▶ What the task requires
Give an unaltered copy of the listing below, minus its pictures.

▶ Information provided
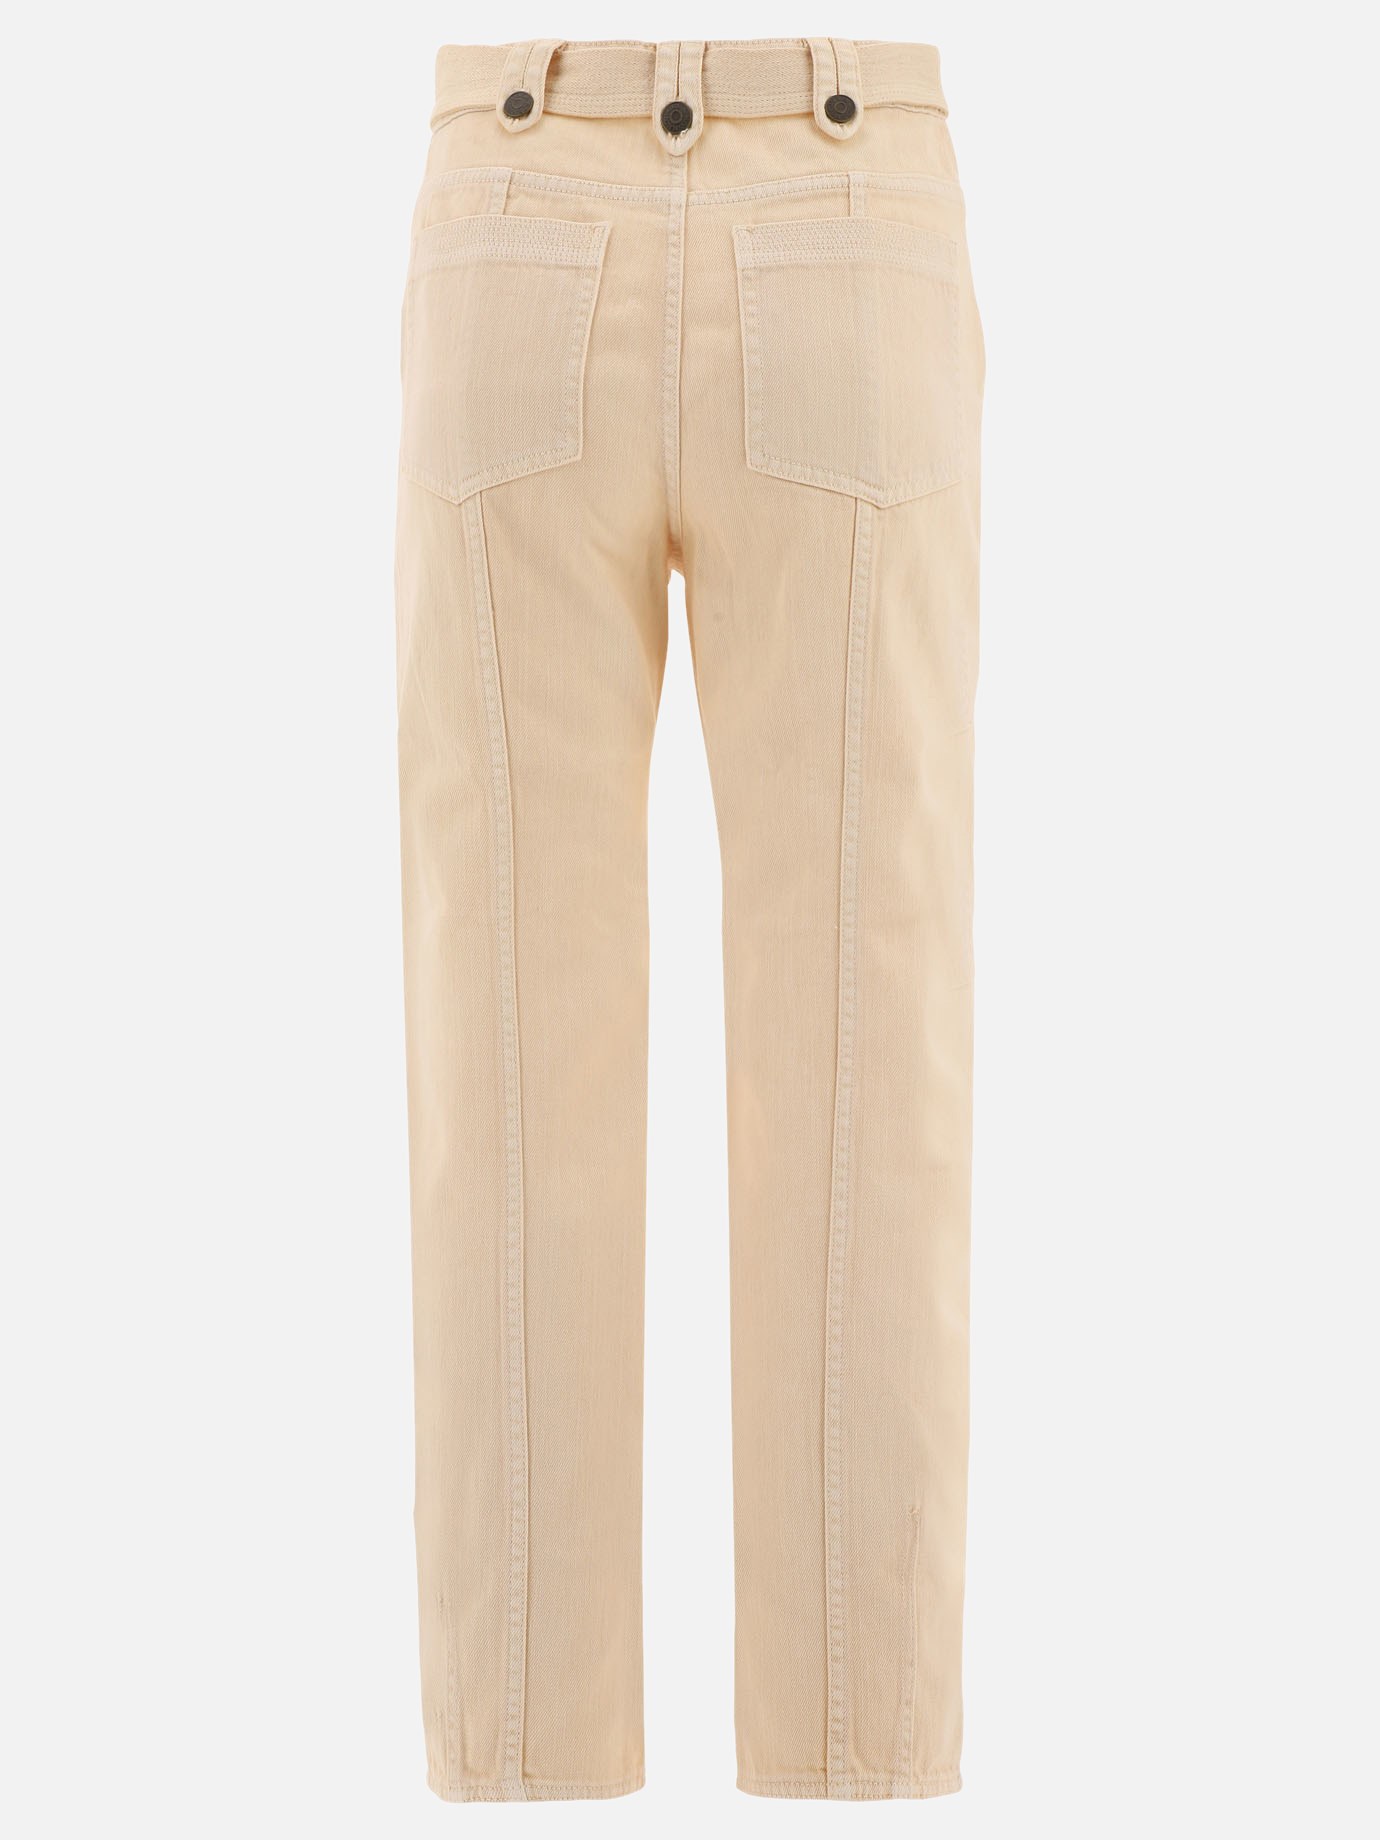  Waverly  trousers by Ulla Johnson
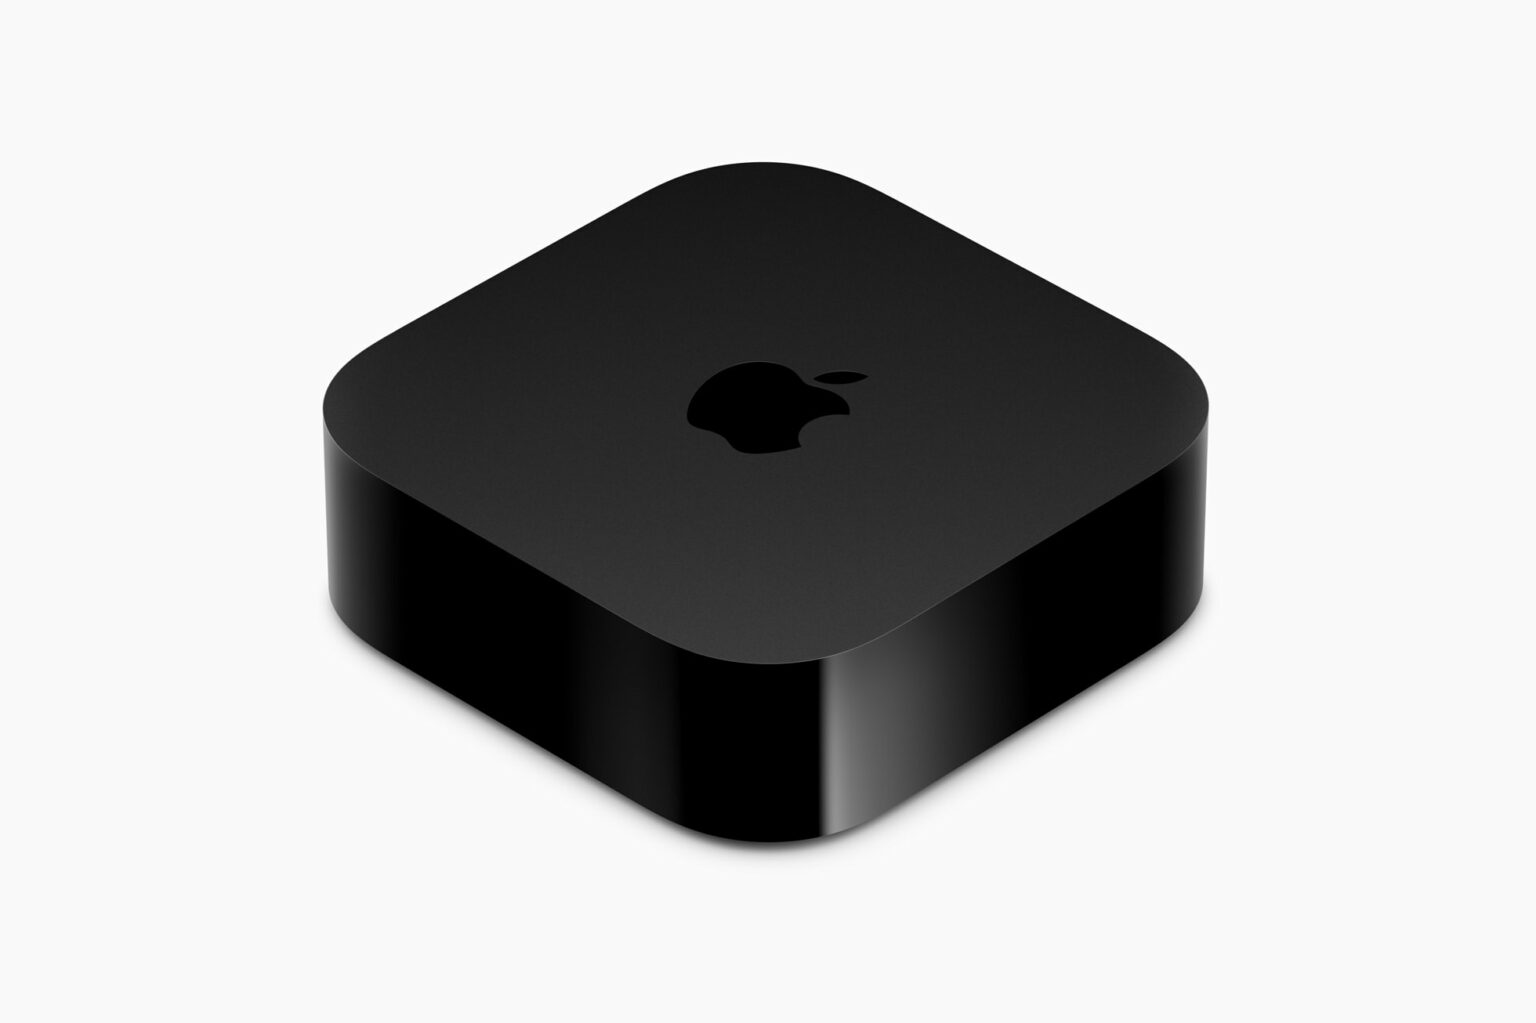 Apple TV 4K 2022 launch: With an A15 Bionic chip inside a slightly smaller form factor, the new Apple TV 4K performs better yet is more energy efficient.
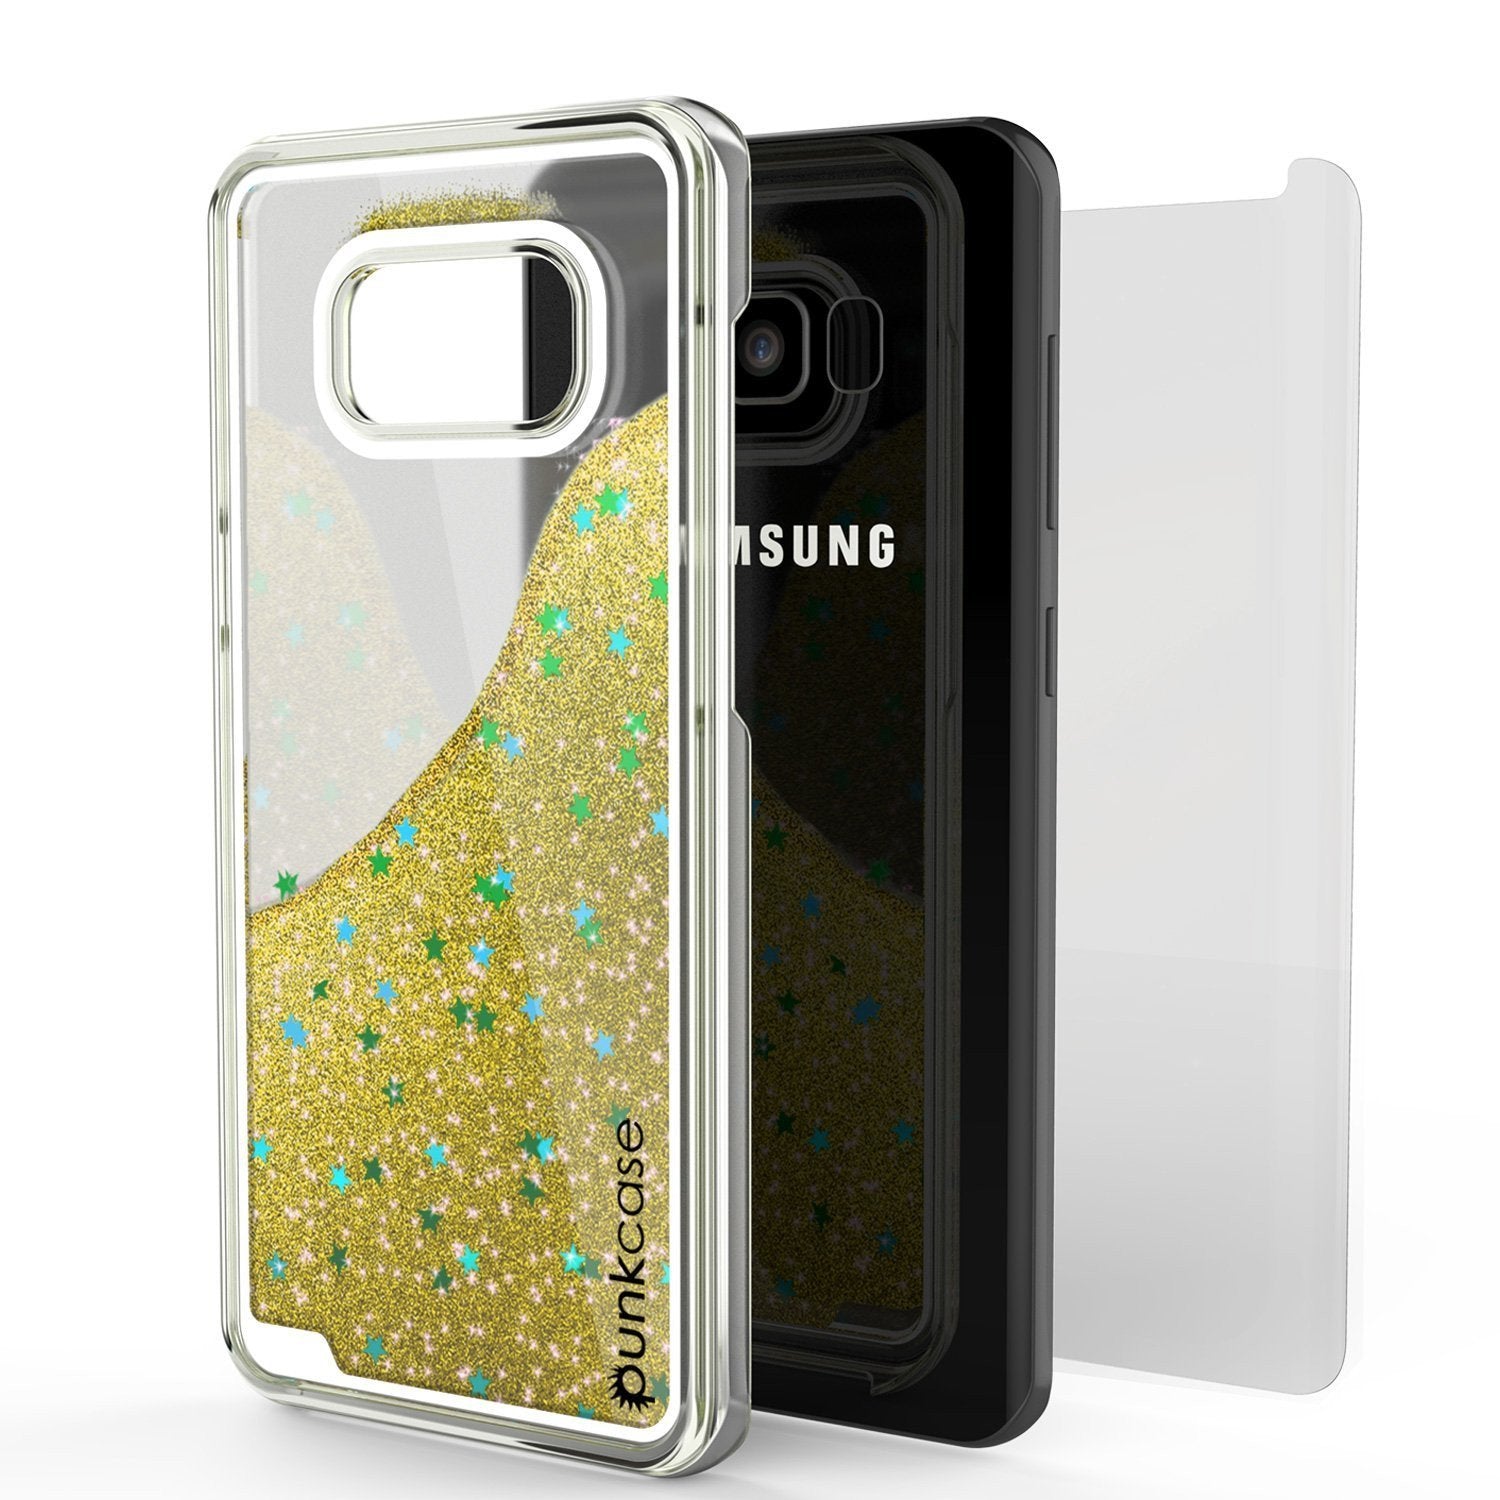 Galaxy S8 Case, Punkcase Liquid Gold Series Protective Dual Layer Floating Glitter Cover - PunkCase NZ

▶ Result of this task
  Waverly  trousers by Ulla Johnson
 Apple TV 4K 2022 launch: With an A15 Bionic chip inside a slightly smaller form factor, the new Apple TV 4K performs better yet is more energy efficient.
 Galaxy S8 Case, Punkcase Liquid Gold Series Protective Dual Layer Floating Glitter Cover - PunkCase NZ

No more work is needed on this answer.